» DATASET CONTENT
——————

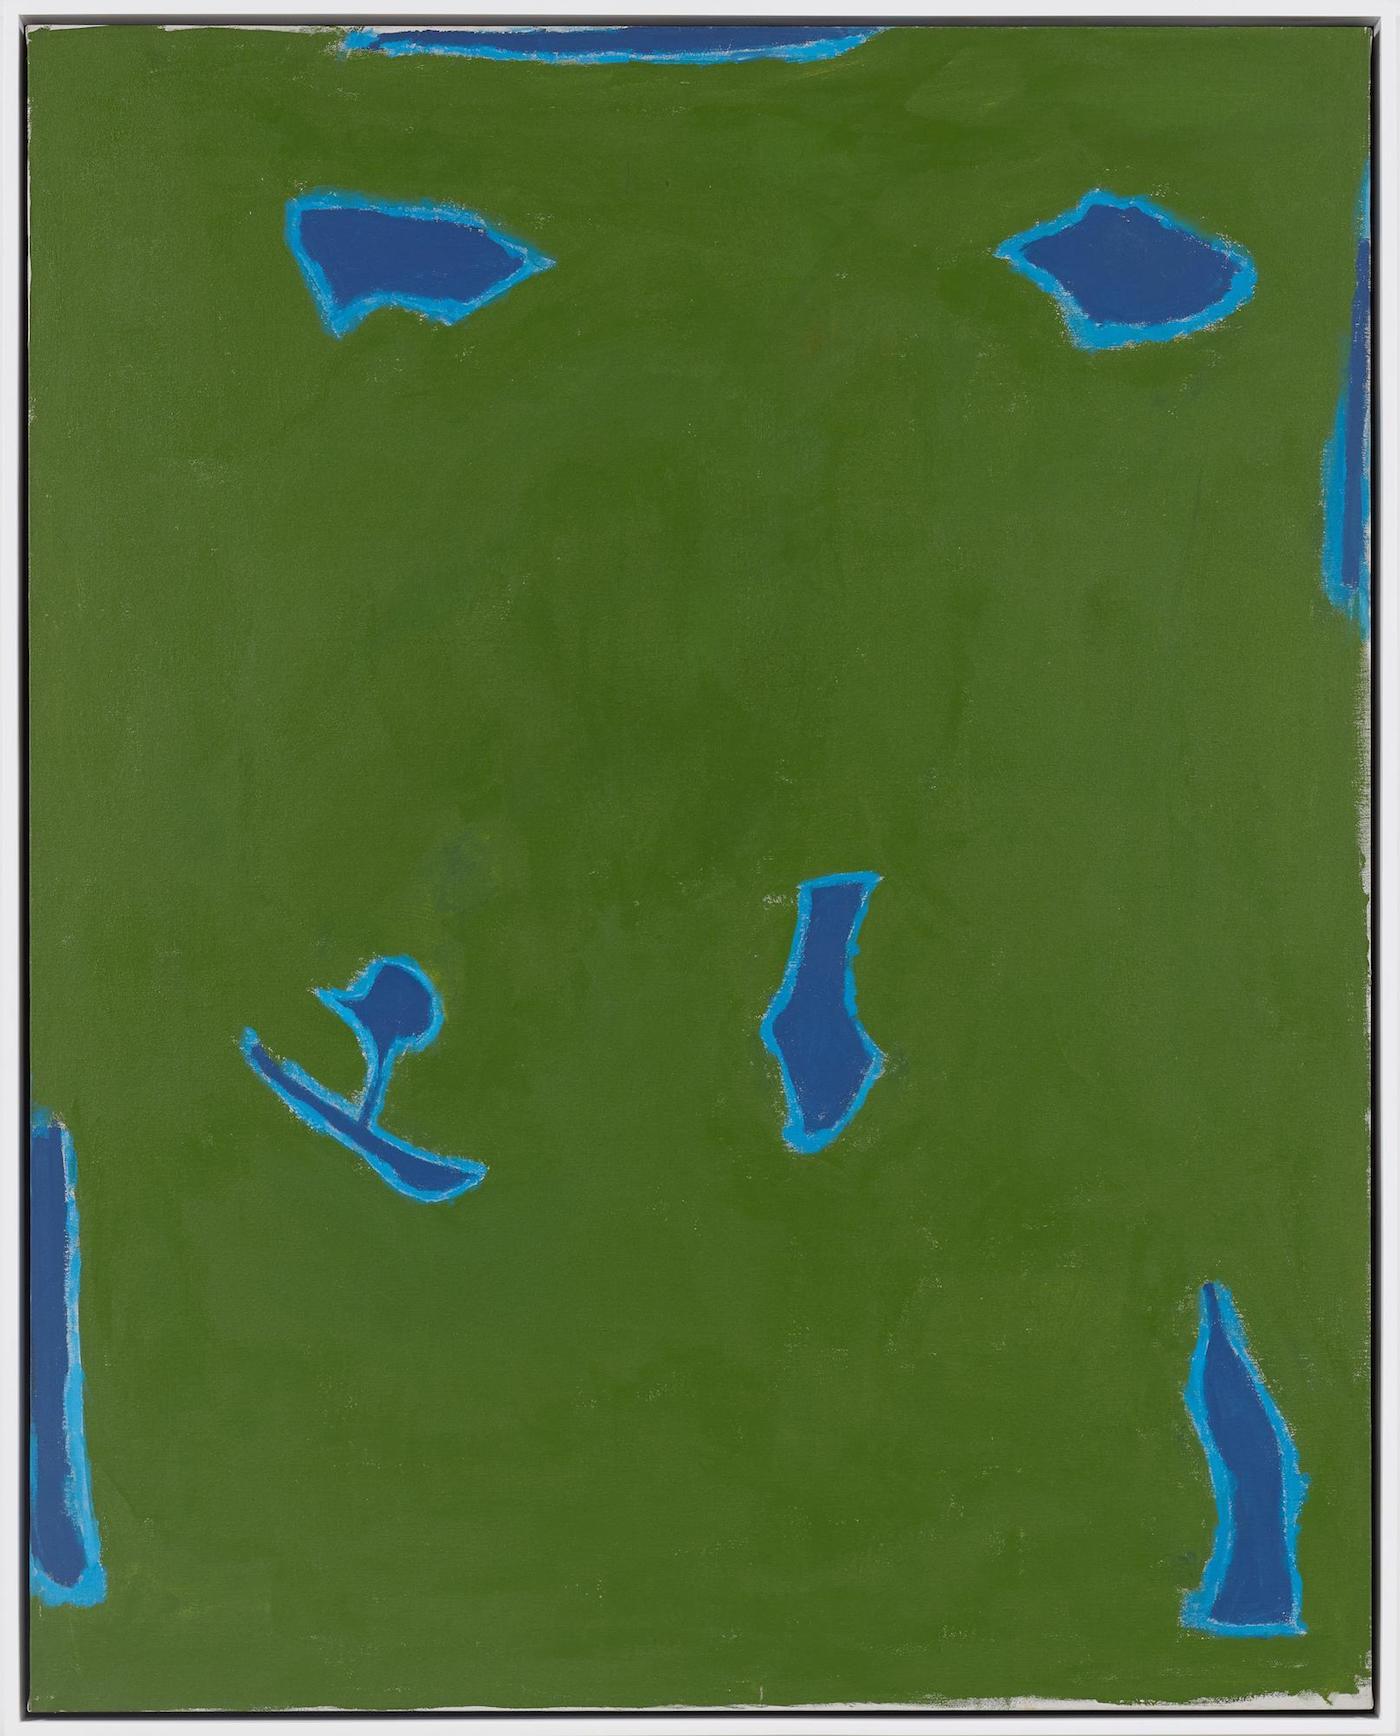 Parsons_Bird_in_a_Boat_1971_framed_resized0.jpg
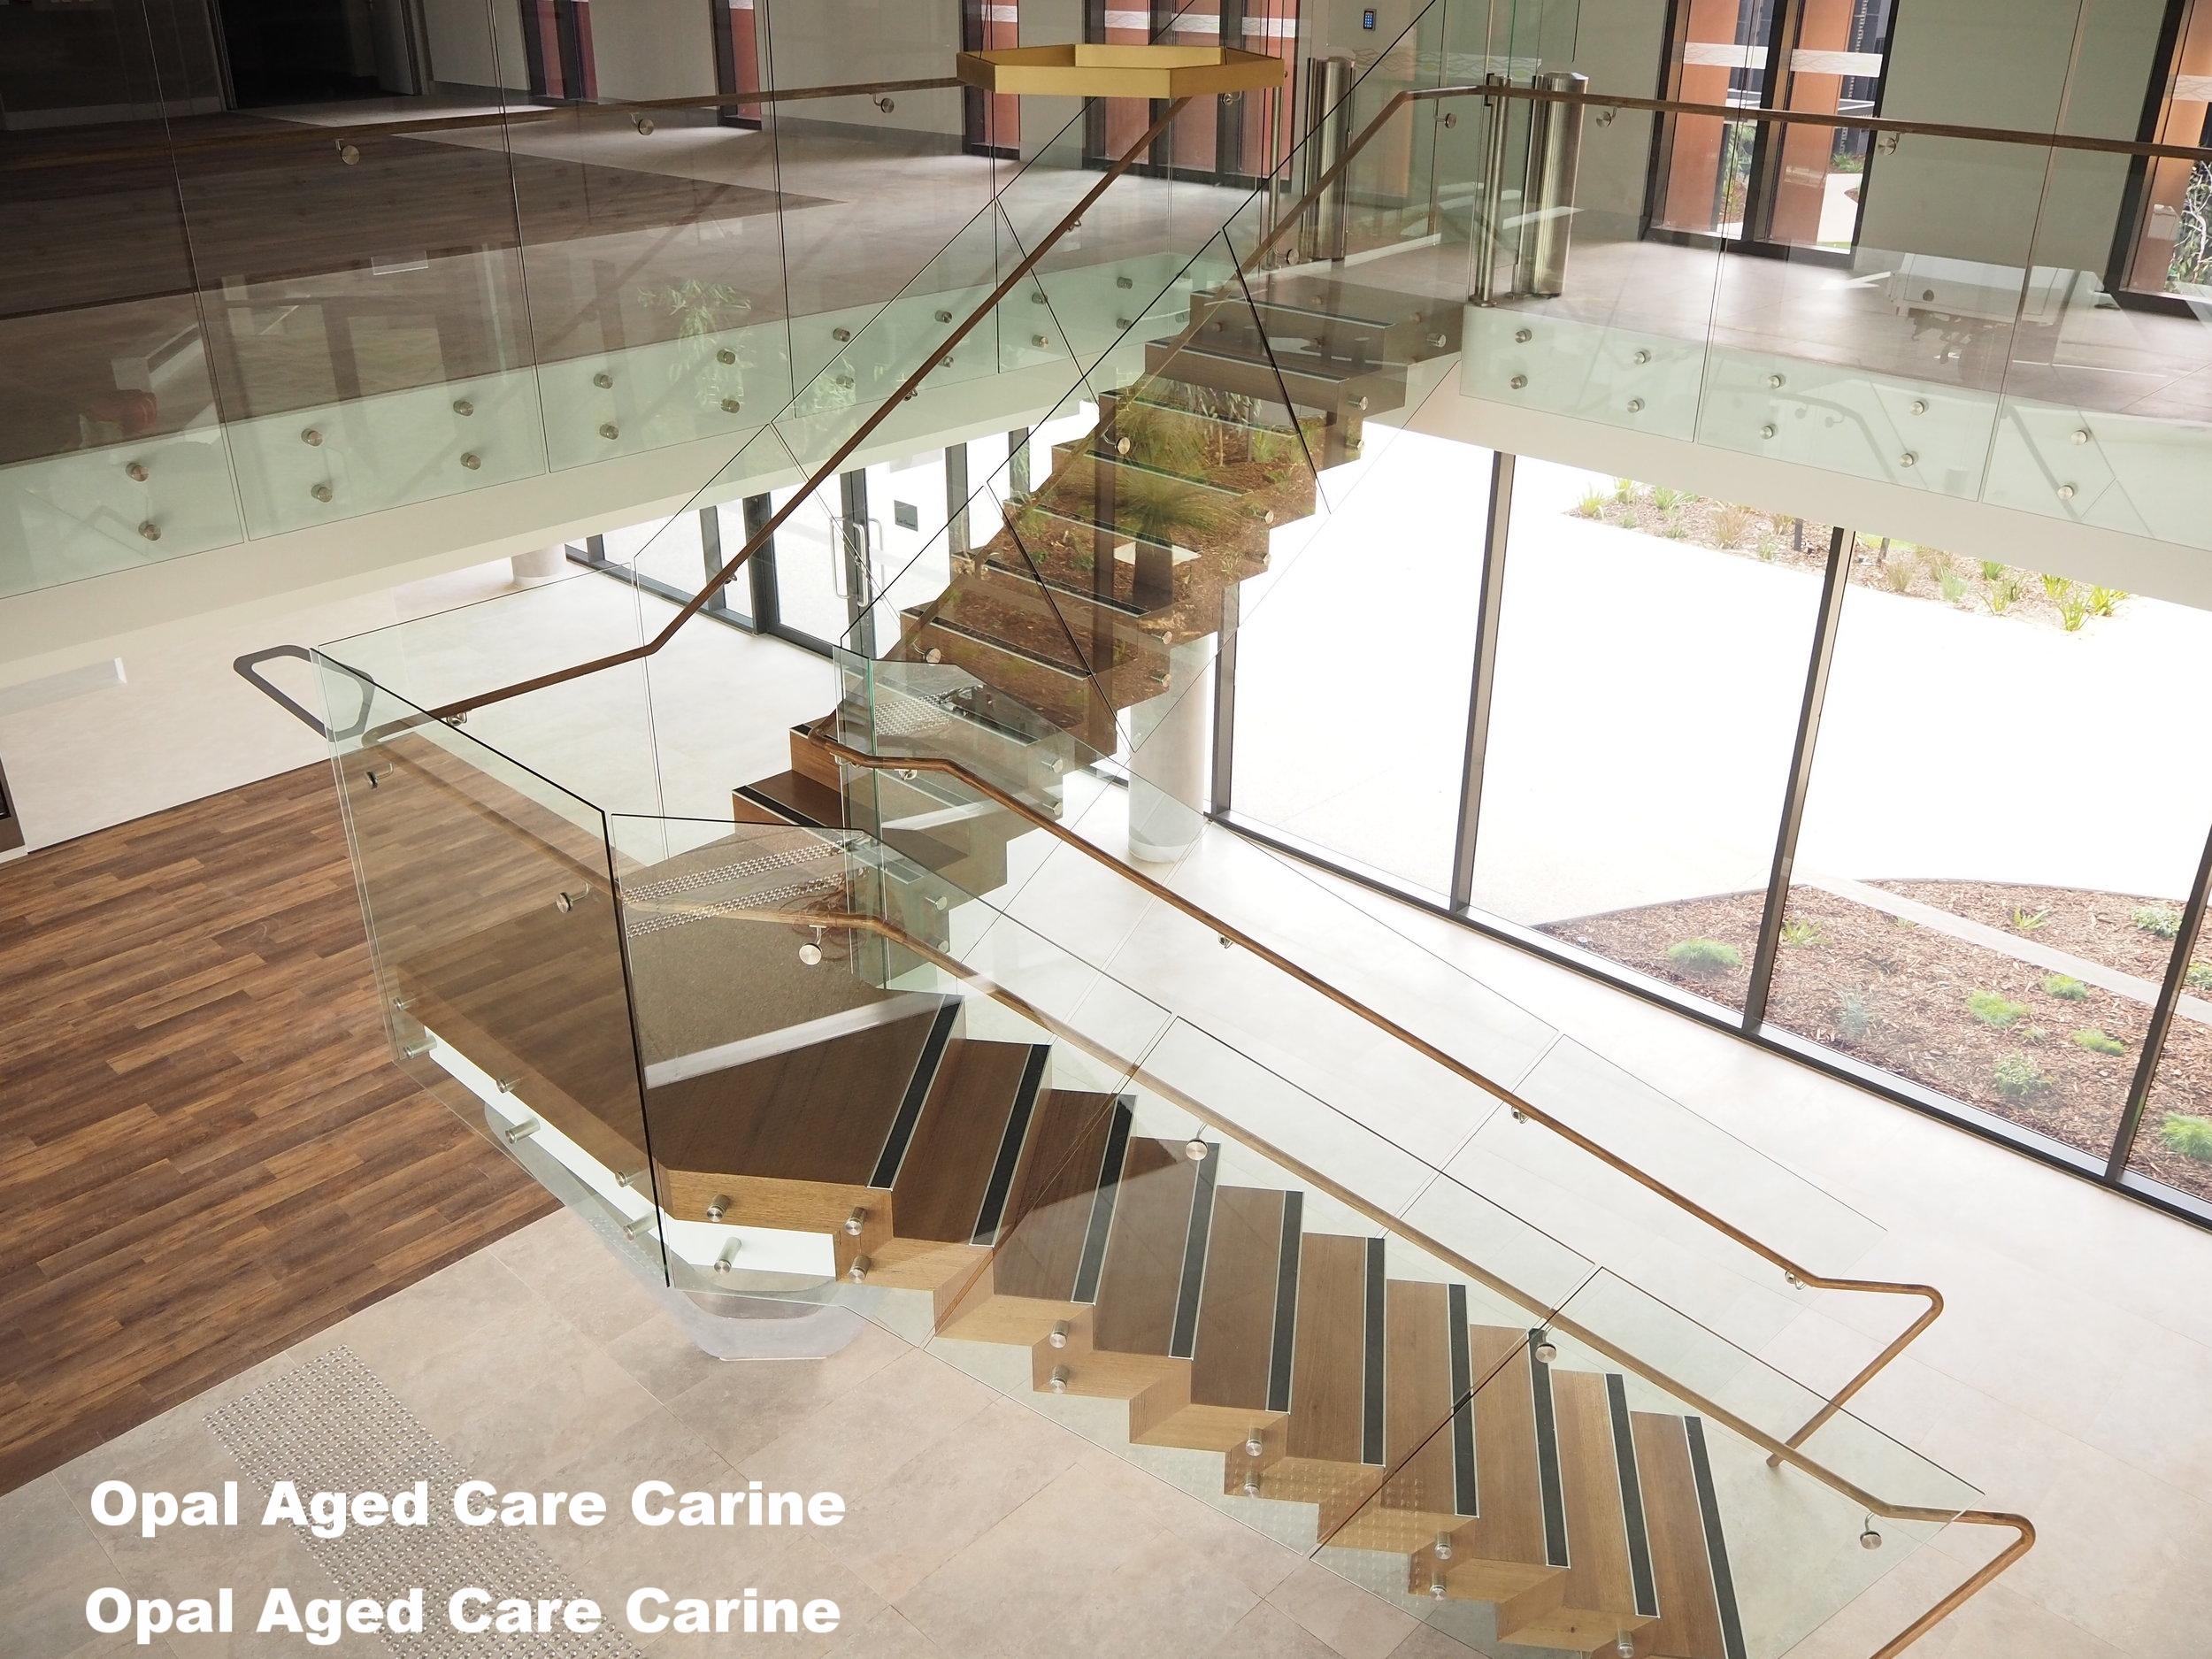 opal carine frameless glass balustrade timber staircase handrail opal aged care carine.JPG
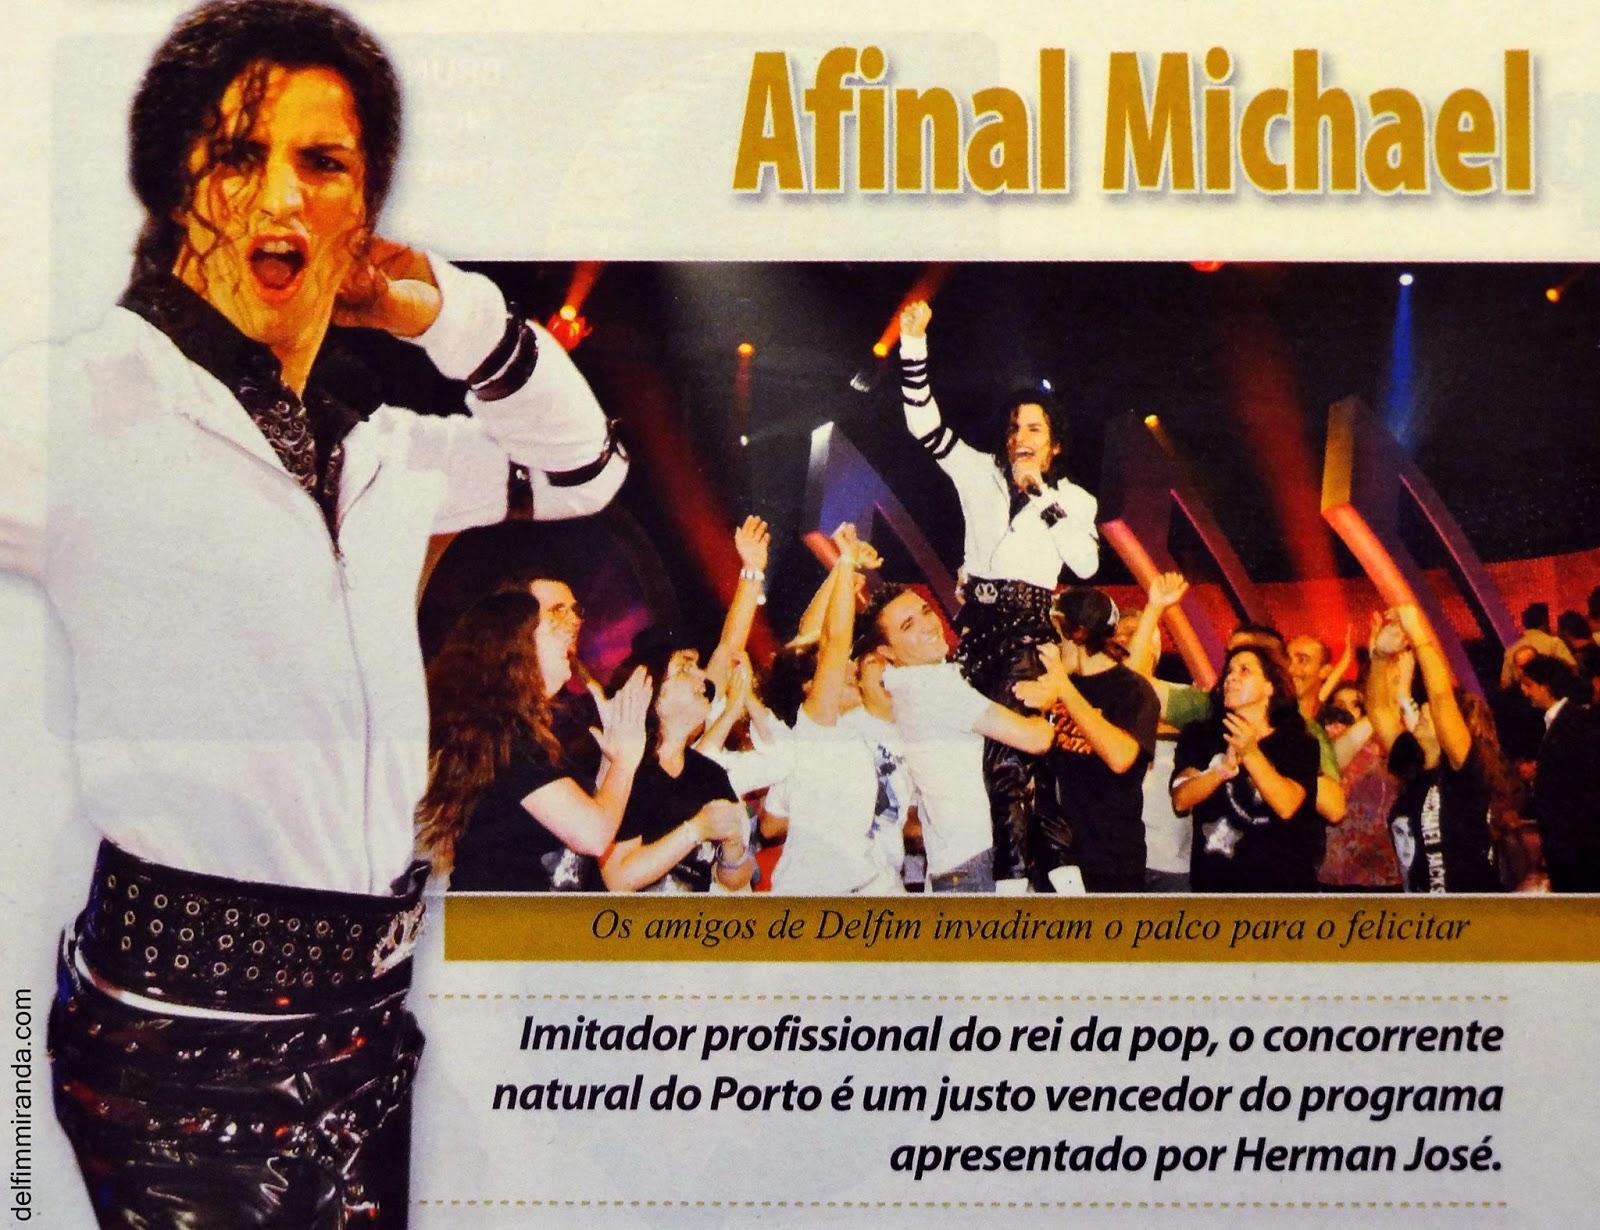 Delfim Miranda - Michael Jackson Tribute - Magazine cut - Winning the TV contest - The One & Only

——————

» WHAT IS NEEDED
When you repeat the lines above, keep them exact and leave out each image they contain.

» WRITTEN RESPONSE
 Parsons_Bird_in_a_Boat_1971_framed_resized0.jpg
 opal carine frameless glass balustrade timber staircase handrail opal aged care carine.JPG
 Delfim Miranda - Michael Jackson Tribute - Magazine cut - Winning the TV contest - The One & Only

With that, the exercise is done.